- **What the task asks**: Keep the lines exact and the pictures out as you repeat the following listing.

- **Dataset excerpt**:
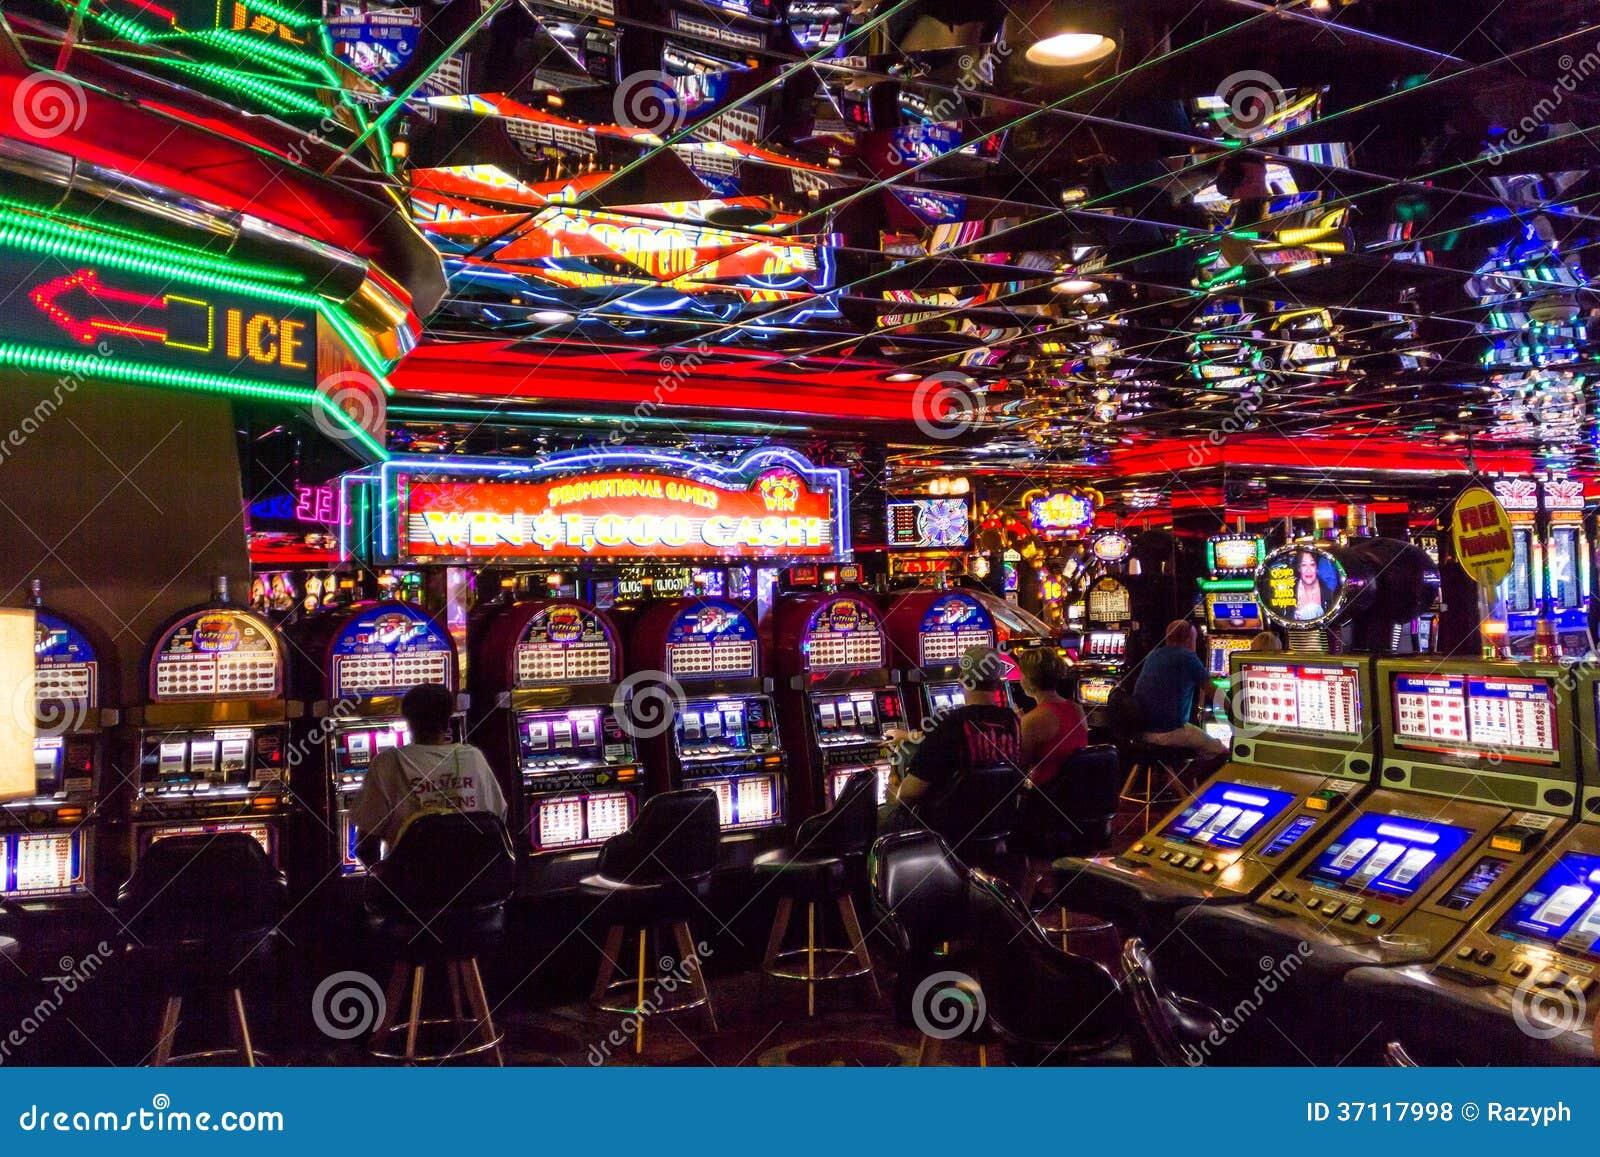 Casino royale hotel in vegas problemi con zynga poker su facebook
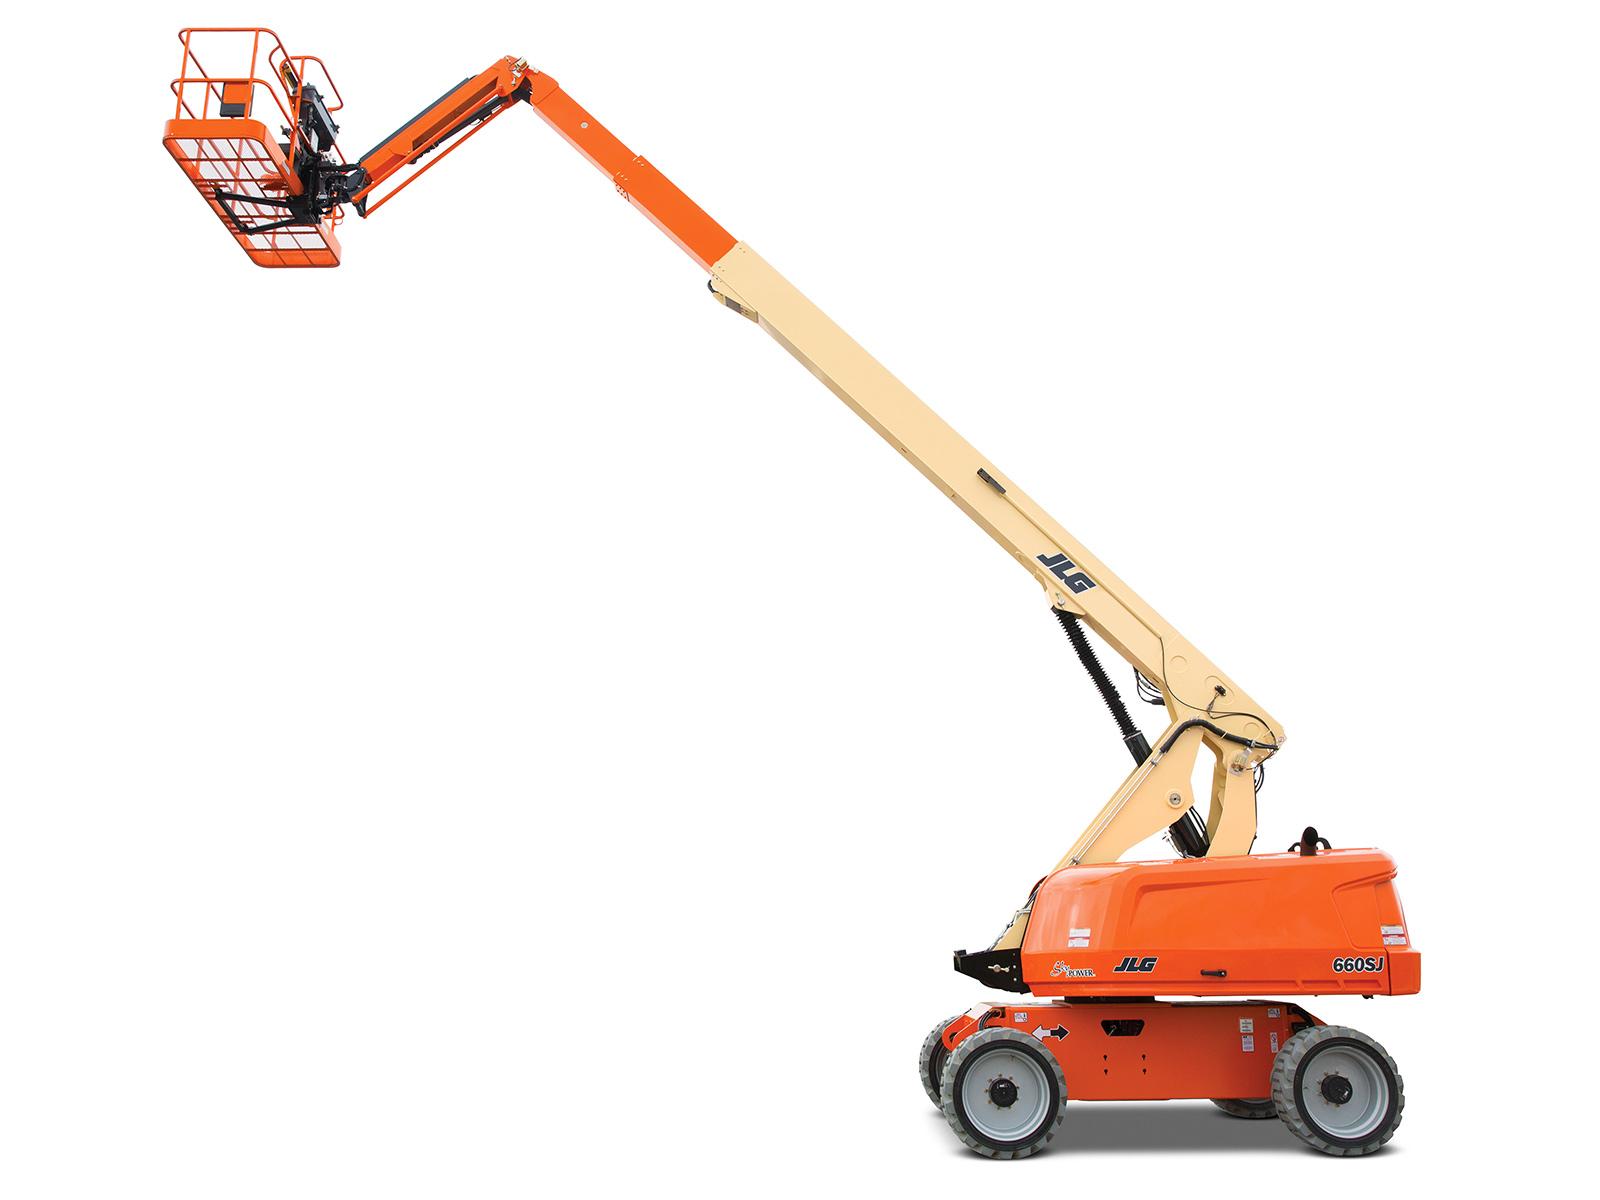 660sj lft u p1 new 1600x1200
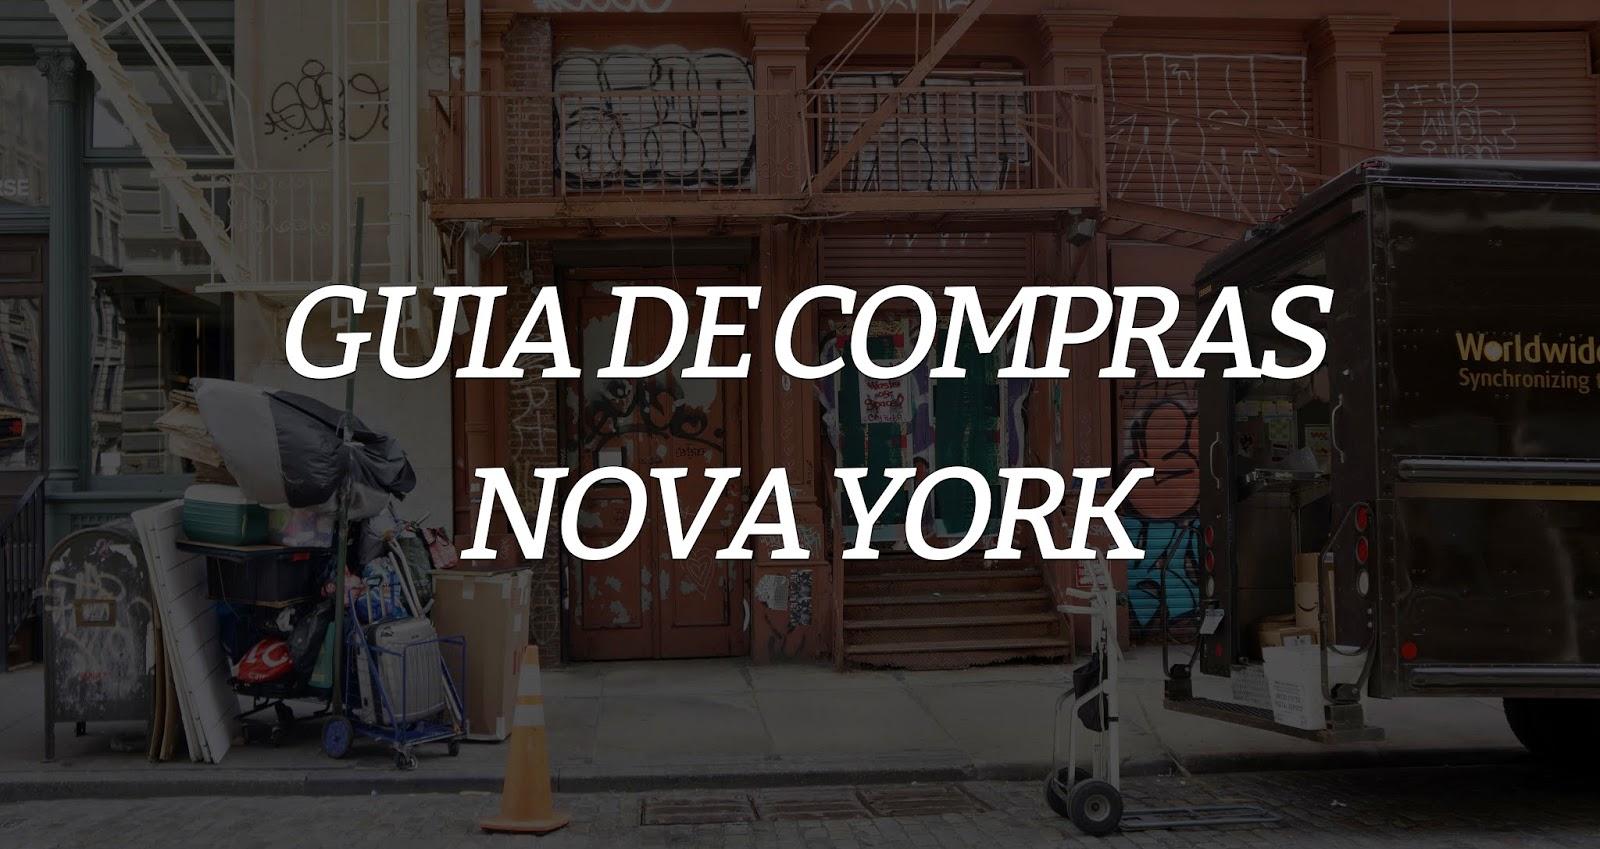 Guia de compras: Nova Iorque (Parte 1)
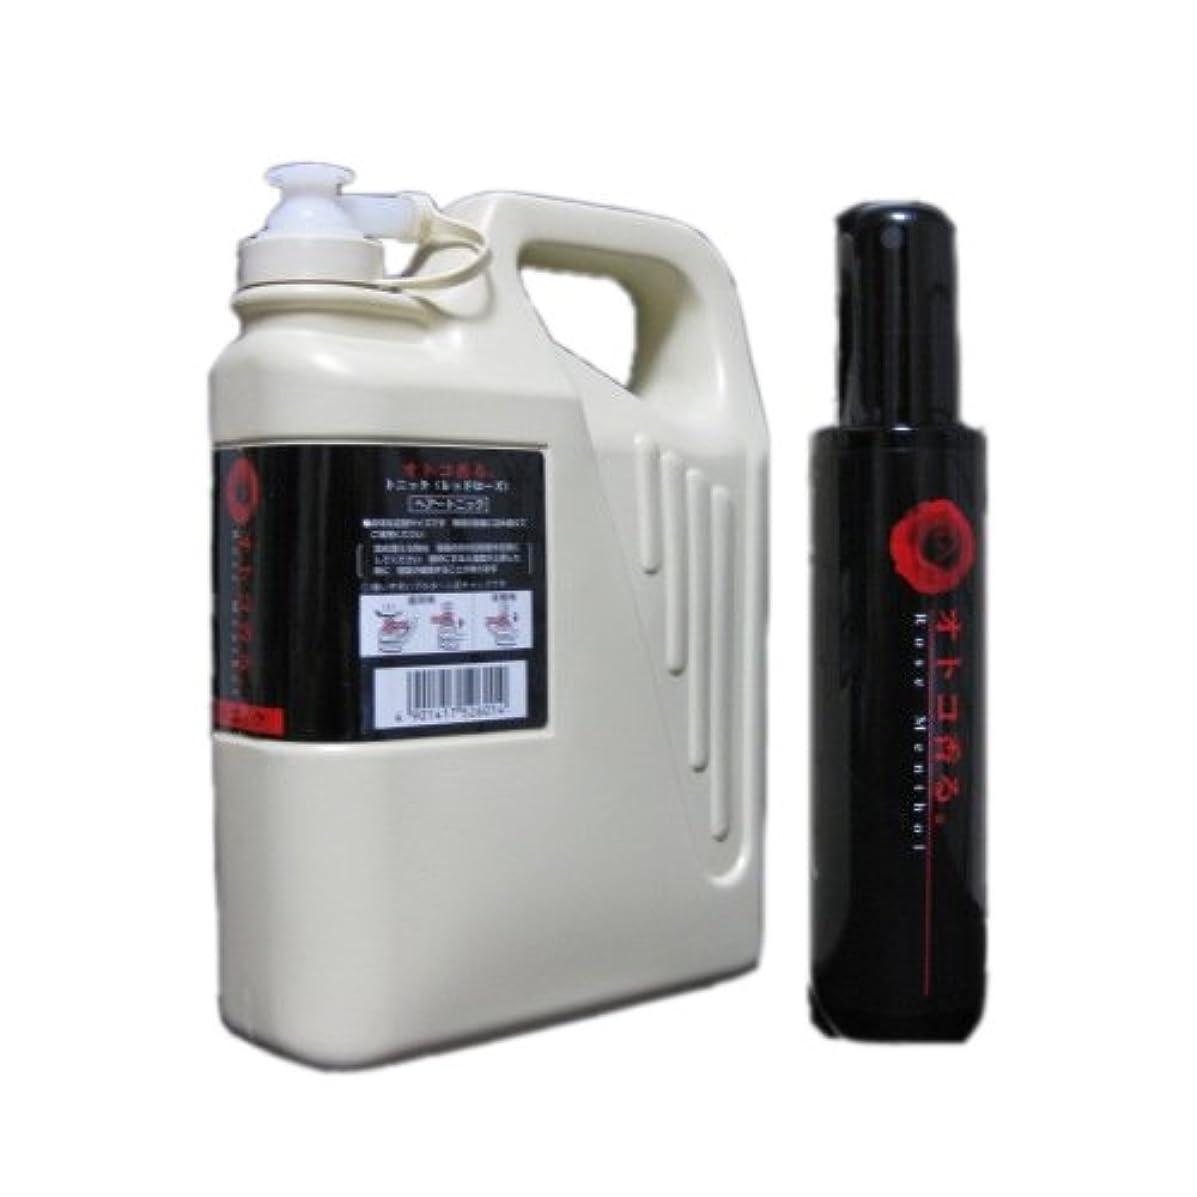 ノート連続的最初はクラシエ オトコ香る。フレグランストニック レッドローズ150ml+1050ml Lサイズ(業務?詰替用)セット

- **Exercise answer**:
 Casino royale hotel in vegas problemi con zynga poker su facebook
 660sj lft u p1 new 1600x1200
 Guia de compras: Nova Iorque (Parte 1)
 ノート連続的最初はクラシエ オトコ香る。フレグランストニック レッドローズ150ml+1050ml Lサイズ(業務?詰替用)セット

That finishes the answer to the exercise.